Fast forward to March 1997. I had watched Jonathan get sicker and sicker, refusing to believe that he would need any surgery. When he ended up in the hospital again, doctors told us that his only option was to be listed for transplant. By this time, we had changed doctors, and were now being seen at Texas Children's Hospital in Houston. Once Jonathan went back into the hospital, he didn't leave again until he got his new heart. At first, doctors thought he might be well enough to go home, but he took a bad turn. He was listed for transplant on March 14th---my mom-in-law's birthday. On March 18th, we were told that he needed to be on heart/lung bypass, because he wouldn't make it through the day without it. Doctors told us they had done everything they could, Jonathan was maxed out on all the medicines he could get, and ECMO had to be used. But we refused it. Then, they told us they could keep him comfortable, but that we should plan on it being just my husband and me again.

You remember that I didn't want Jonathan to have a transplant, right? Well, that was STILL what I was saying---that he wouldn't have to have a transplant, and that he would just be supernaturally healed! Thanks to my mom, I came to a very sobering realization that March 18th.
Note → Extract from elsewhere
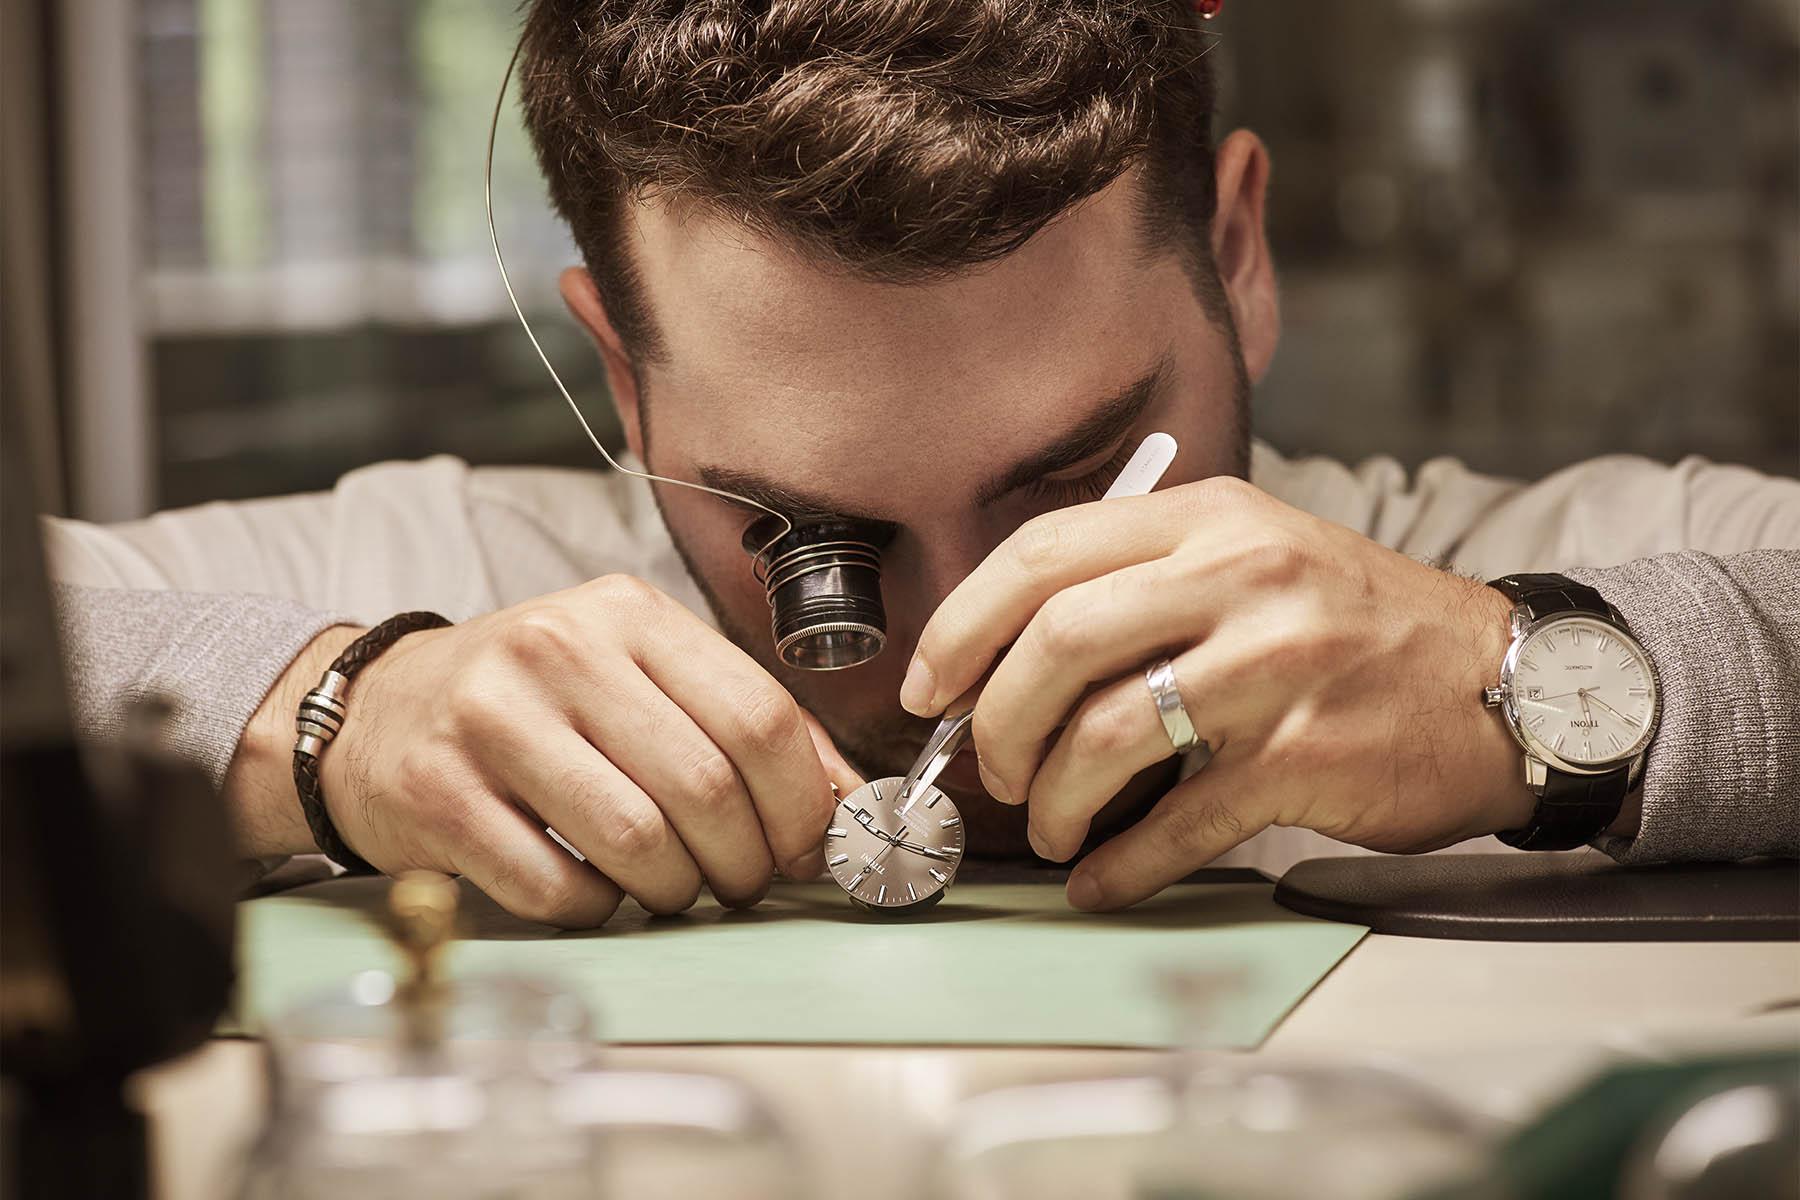 titoni watches manufacture

What if God's way of healing Jonathan was WITH a transplant, using the medical knowledge and skills of doctors?! It was a real light-bulb moment for me. I quickly changed my "song and dance", and told God that it didn't matter to me HOW He healed my son---as long as He kept His promise that he WOULD heal him. Less than 45 minutes later, we got a phone call about an available heart. We accepted the gift we were being given with joy and trepidation. It was so hard, knowing that Jonathan's heart had to come from another child. Little did we know then, but that heart, from that precious little 22-month-old baby girl, would bring us so much joy. AND our experience with Jonathan would bind us together with some amazing people. Because of one act of kindness toward strangers, our donor family has blessed not only our family, but countless others that we have been able to bless over the last 13 years. Jonathan had his transplant on March 19th. That day will forever be a bittersweet day of celebration. We celebrate the life of our child, Jonathan, who is healthy and happy; and we celebrate Taylor Marie, whose life was cut short, but who gave us the most incredible gift. It's sadness mixed with joy.

Thank you Matt and Denise, for sharing Taylor's heart with us. I can assure you, we have taken good care of it, and will continue to do so! Thank you, too, for allowing us to share Jonathan's life with you. I want you to always see that something good did come out of a terrible tragedy. Jonathan is the most wonderful big brother, son, and grandson you can possibly imagine. He is a young man of great strength and character. He will lead his generation in something great.